::: The data :::

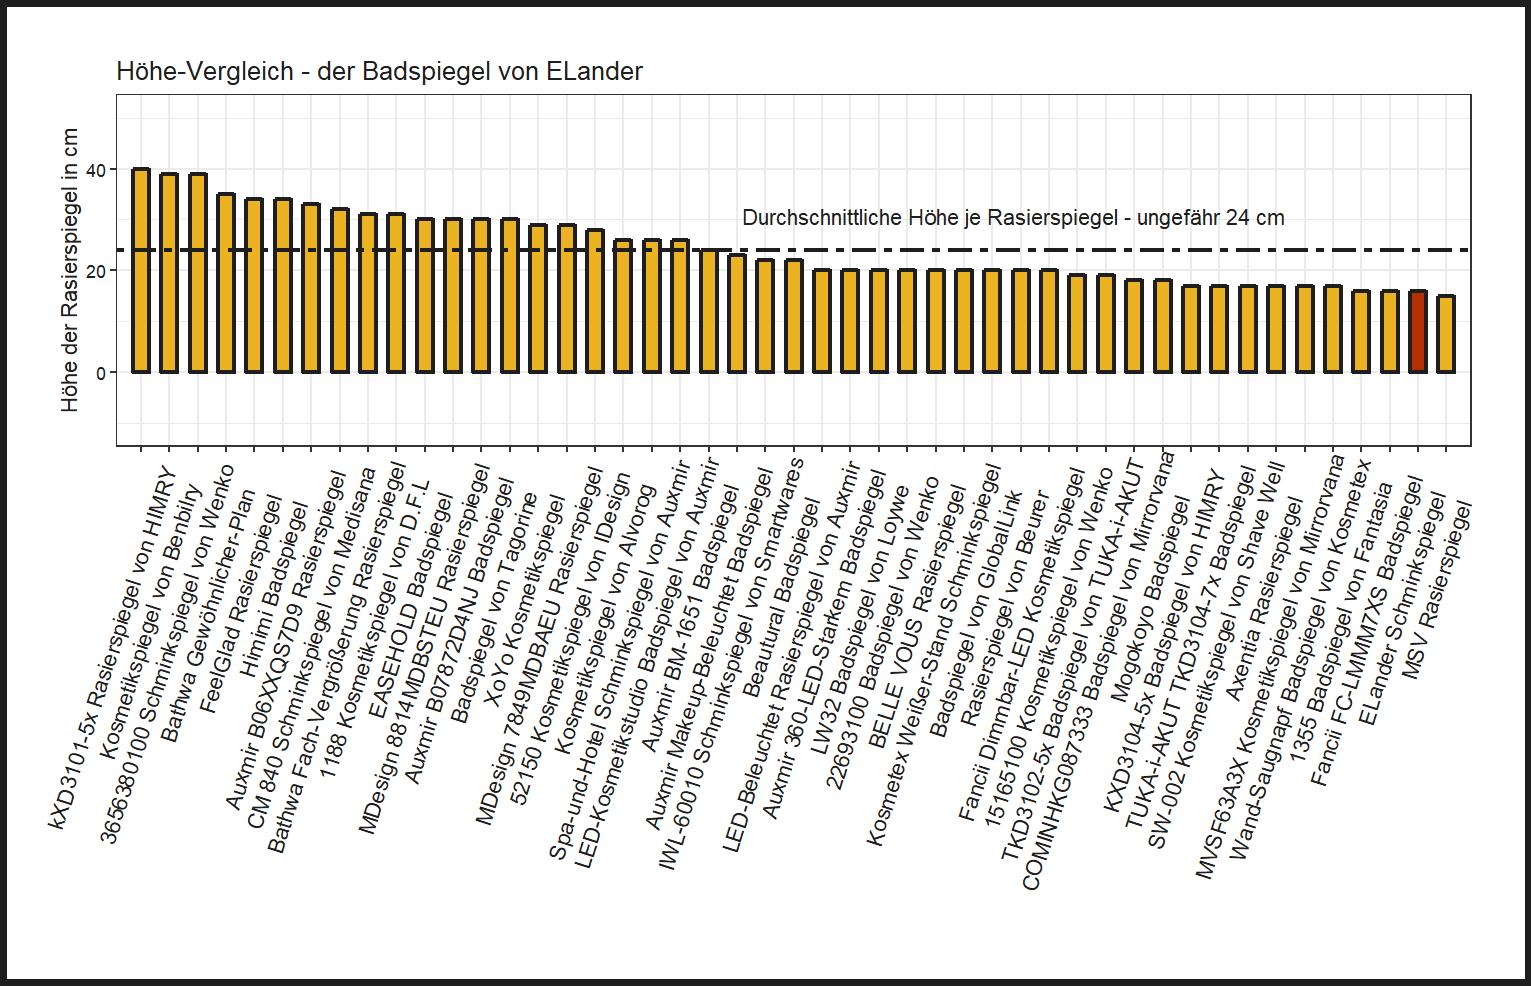 Höhe-Vergleich von dem ELander Rasierspiegel
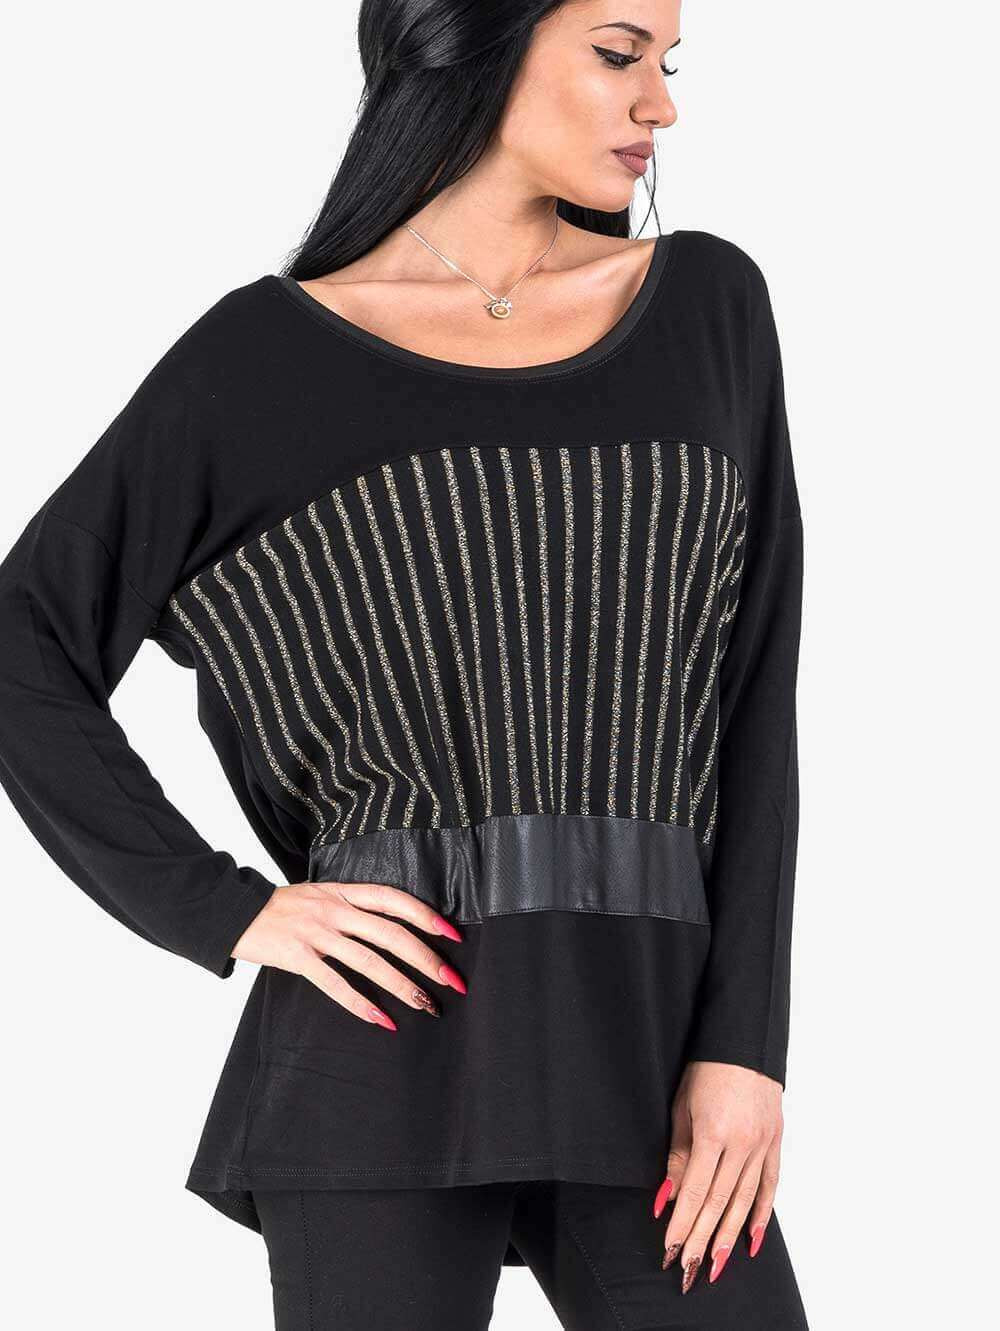 6ce78d20c50 Елегантна блуза с паднал ръкав | Блузи с дълъг ръкав от INDIGO Fashion
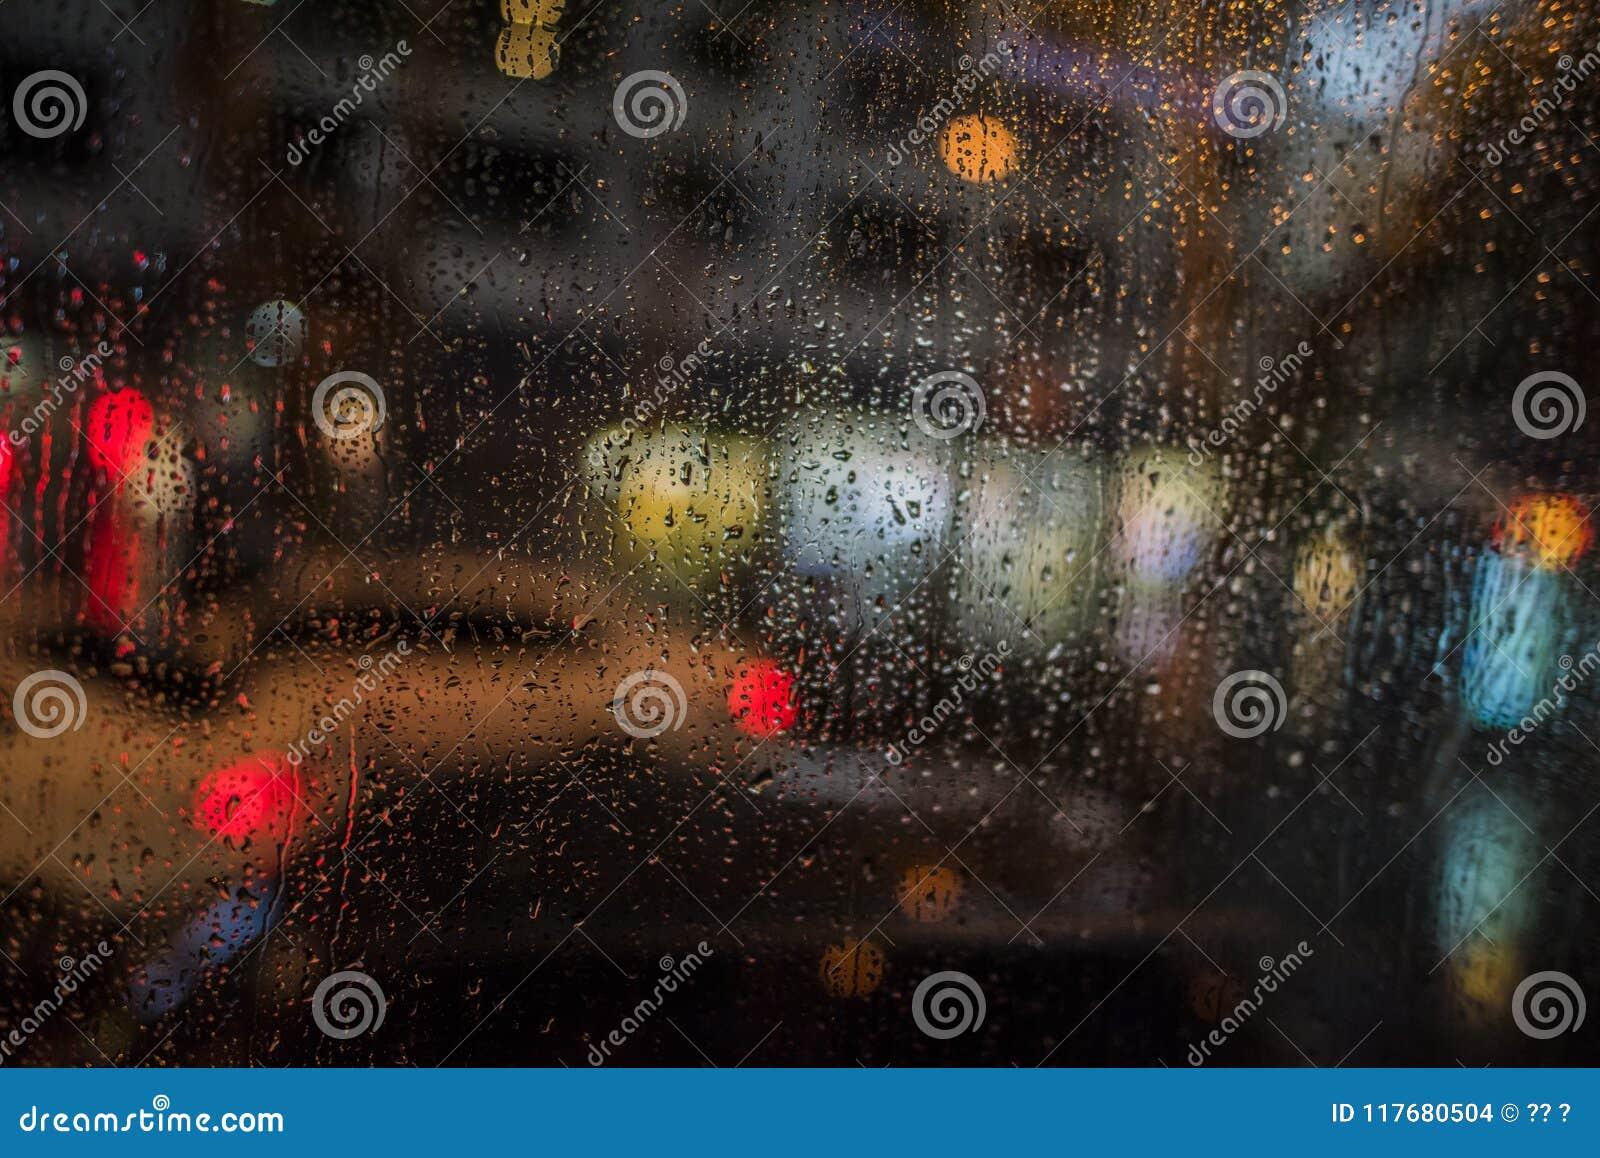 Βροχερή νύχτα, ελαφριά έξω από το παράθυρο λεωφορείων
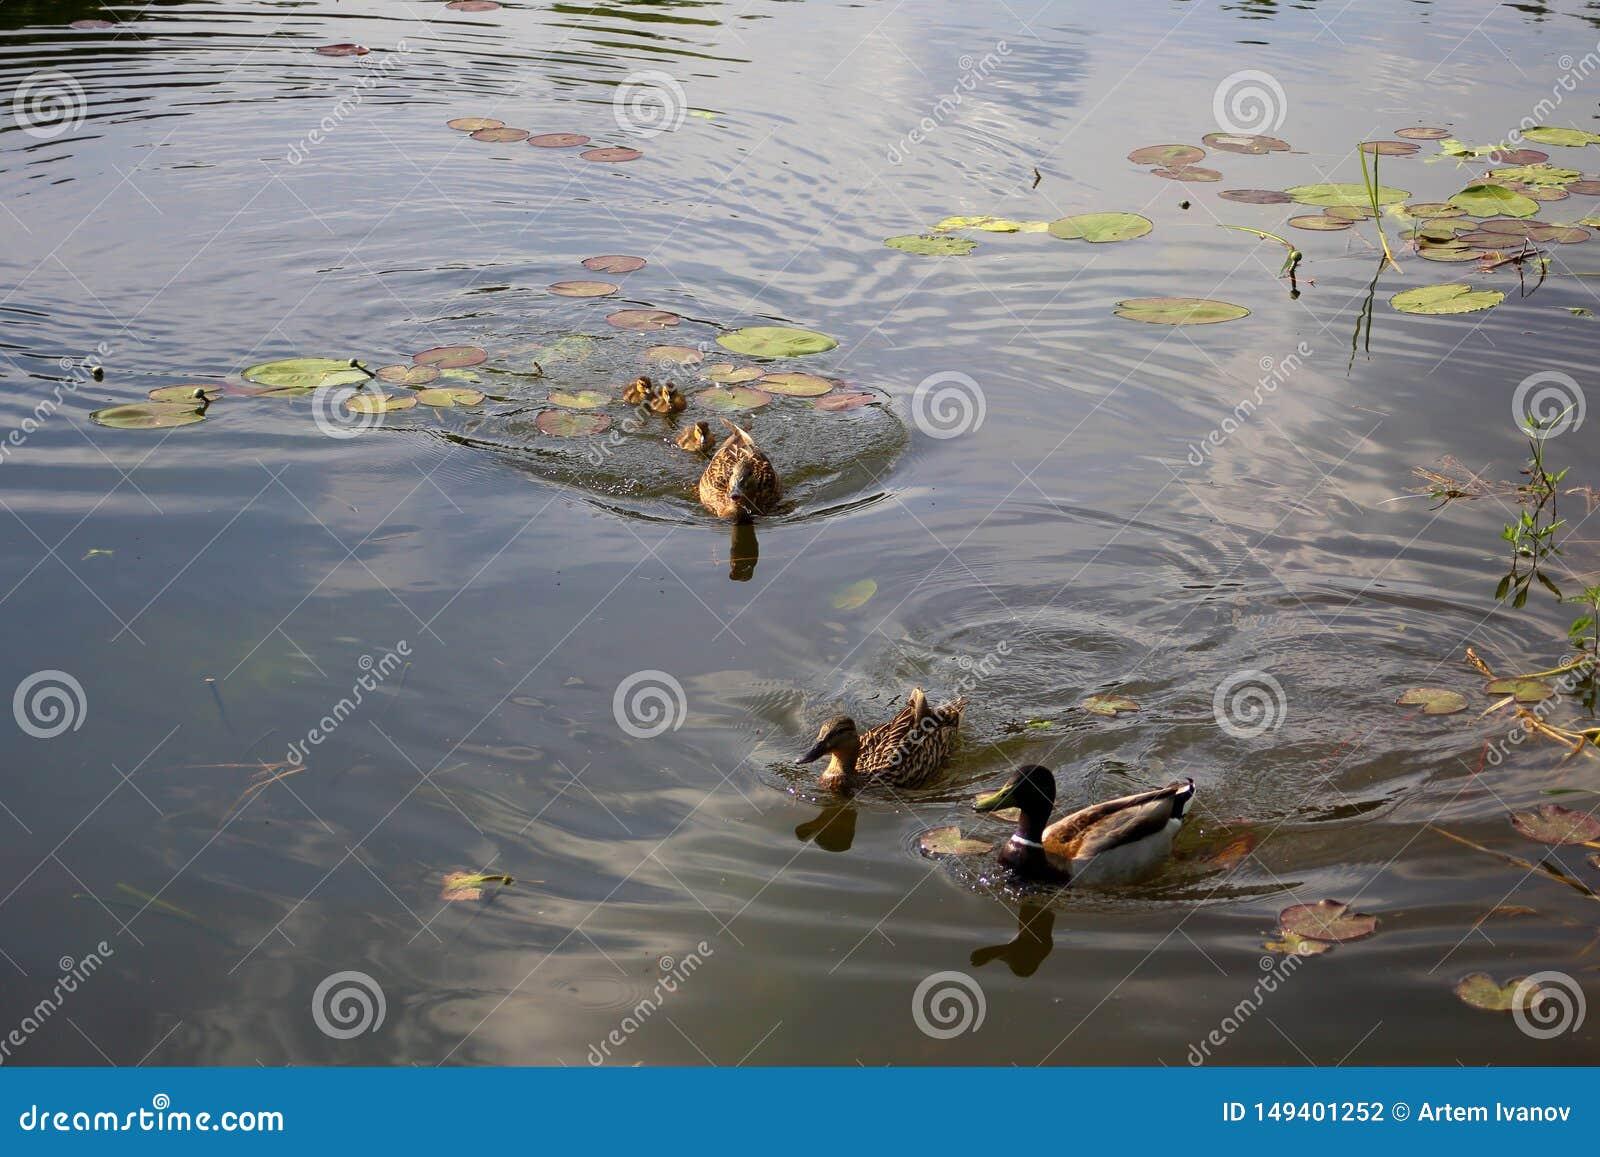 Macierzysta kaczka broni wylęgu ostatnio klujący się kaczątka od innych kaczek

:::

## What to produce
Apart from the pictures, all of the data must be duplicated exactly as shown above.

## Expected output
 Höhe-Vergleich von dem ELander Rasierspiegel
 6ce78d20c50 Елегантна блуза с паднал ръкав | Блузи с дълъг ръкав от INDIGO Fashion
 Βροχερή νύχτα, ελαφριά έξω από το παράθυρο λεωφορείων
 Macierzysta kaczka broni wylęgu ostatnio klujący się kaczątka od innych kaczek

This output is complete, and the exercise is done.